Когда читаешь летопись злодеяний любого из тиранов, невозможно представить себе, что это был такой же человек, как и все прочие, с головой, глазами и сердцем, способный размышлять, испытывать боль, надежду, сострадание; гораздо удобнее было бы считать, что он так и родился кровавым вампиром и уже в возрасте двух лет рубил кошкам хвосты. Но нет — все они родились нормальными детьми: и Нерон, и Генрих VIII, и Иван Грозный, и Павел Первый. Причем, в юности Генрих VIII искренне тянулся к просвещению, Иван Грозный демонстрировал ясность ума, энергию и смелость, а Павел Первый — такое чувствительное и нежное сердце, что по письмам к жене и любовнице его можно принять за Эмиля или Вертера, но никак не за будущего кровопийцу. Нерон же, взошедший на трон семнадцати лет, в первые годы своего правления отменил самые тяжкие налоги, запрещал смертные исходы в гладиаторских боях, обожал ту самую мать, которую впоследствии так изобретательно убивал, а когда ему приносили на подпись смертный приговор, восклицал: "О, если б я не умел писать!"43.

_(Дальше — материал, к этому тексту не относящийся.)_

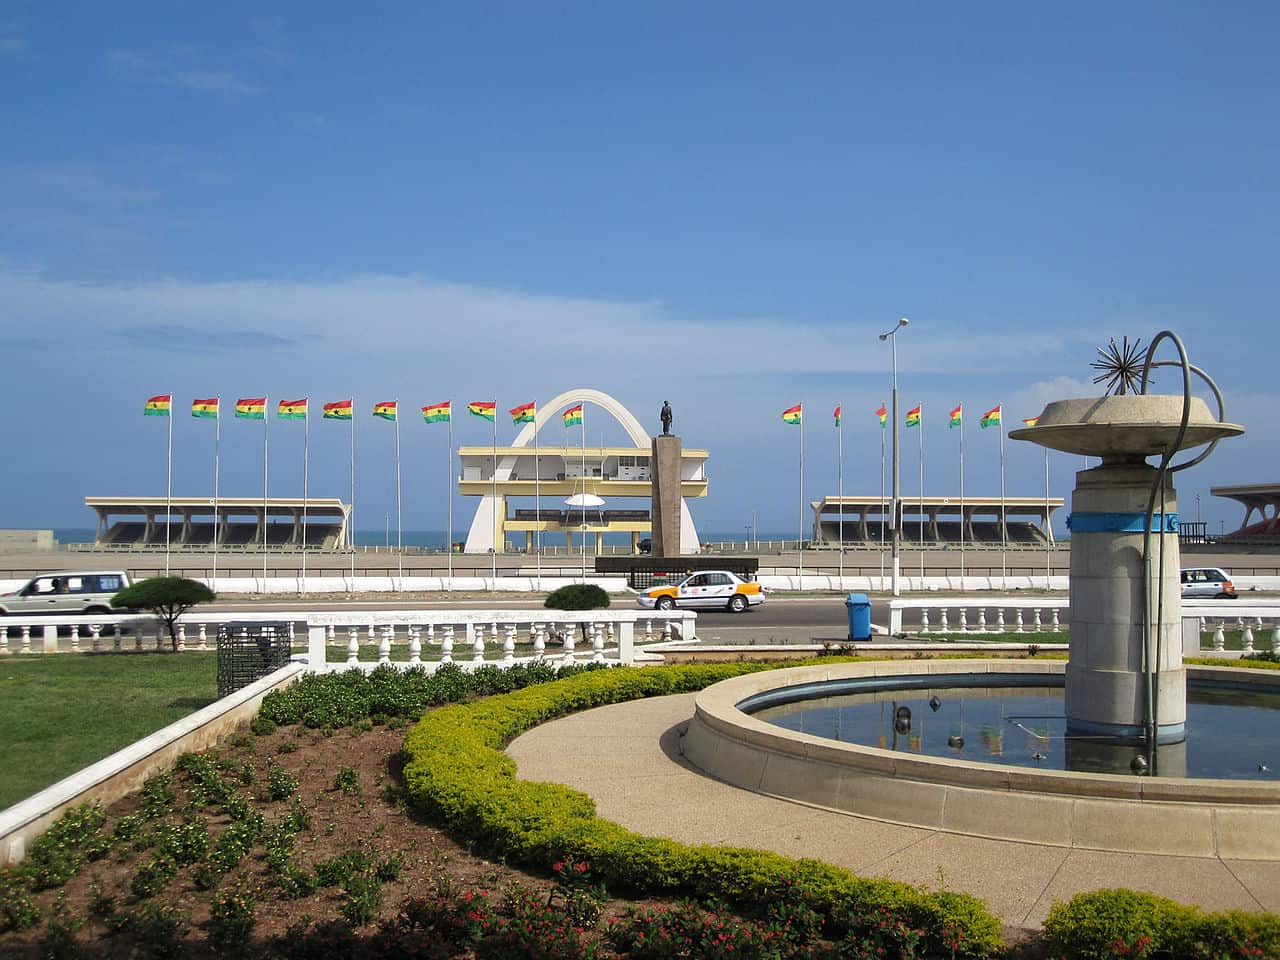 National monument of Ghana - Black Star Square

То, во что все они превращались, достигнув полноты власти, было обусловлено отнюдь не врожденной злобой, а повседневной потребностью утолять томящийся дух — потребностью, сметавшей все представления о сострадании, человечности, религиозном долге. "Похоть господствования," — называл это человеческое свойство Блаженный Августин. В этом тончайшем определении выражена двумя словами не только тождественность властолюбия сладострастию (ибо и то, и другое — формы осуществления свободы), но и невозможность видеть во врожденности властолюбия гарантии оправдания: ведь и обычная похоть является врожденной, но это ничуть не оправдывает человека, целиком подчинившего себя ей.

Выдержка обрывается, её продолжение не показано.